Records excerpted from a collection

■ ■ ■ ■ ■

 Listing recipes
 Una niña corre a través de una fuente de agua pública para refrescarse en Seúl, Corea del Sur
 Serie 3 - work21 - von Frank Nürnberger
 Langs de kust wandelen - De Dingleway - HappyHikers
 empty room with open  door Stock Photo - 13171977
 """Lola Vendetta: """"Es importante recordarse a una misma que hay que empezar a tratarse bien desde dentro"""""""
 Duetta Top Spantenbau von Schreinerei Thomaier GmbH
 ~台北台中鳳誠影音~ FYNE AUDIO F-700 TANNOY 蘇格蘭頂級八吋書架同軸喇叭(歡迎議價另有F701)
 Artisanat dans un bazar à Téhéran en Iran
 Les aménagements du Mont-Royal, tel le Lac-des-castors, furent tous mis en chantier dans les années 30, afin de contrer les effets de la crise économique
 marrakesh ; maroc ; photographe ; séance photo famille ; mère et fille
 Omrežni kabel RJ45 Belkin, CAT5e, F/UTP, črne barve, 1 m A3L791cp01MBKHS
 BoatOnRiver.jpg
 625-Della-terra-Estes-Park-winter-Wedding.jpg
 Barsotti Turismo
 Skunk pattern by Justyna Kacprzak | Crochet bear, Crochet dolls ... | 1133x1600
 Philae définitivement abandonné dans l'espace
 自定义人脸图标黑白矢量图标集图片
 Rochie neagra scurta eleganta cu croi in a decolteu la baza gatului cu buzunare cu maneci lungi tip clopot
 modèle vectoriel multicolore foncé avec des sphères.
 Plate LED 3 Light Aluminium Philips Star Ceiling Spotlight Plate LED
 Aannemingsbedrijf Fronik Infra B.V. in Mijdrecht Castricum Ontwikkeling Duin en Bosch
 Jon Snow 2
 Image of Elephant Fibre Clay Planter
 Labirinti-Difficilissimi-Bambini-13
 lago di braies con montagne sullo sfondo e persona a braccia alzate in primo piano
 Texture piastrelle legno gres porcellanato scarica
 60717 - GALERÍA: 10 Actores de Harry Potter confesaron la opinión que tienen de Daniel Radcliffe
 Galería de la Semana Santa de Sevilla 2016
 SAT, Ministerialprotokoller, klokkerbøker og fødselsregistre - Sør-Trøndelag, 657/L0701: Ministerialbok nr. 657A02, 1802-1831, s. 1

■ ■ ■ ■ ■

> _Task details_: Start with the first line of the data and print every line exactly. The line containing "empty room with" is the last one to include.

> _Output of the exercise_:
 Listing recipes
 Una niña corre a través de una fuente de agua pública para refrescarse en Seúl, Corea del Sur
 Serie 3 - work21 - von Frank Nürnberger
 Langs de kust wandelen - De Dingleway - HappyHikers
 empty room with open  door Stock Photo - 13171977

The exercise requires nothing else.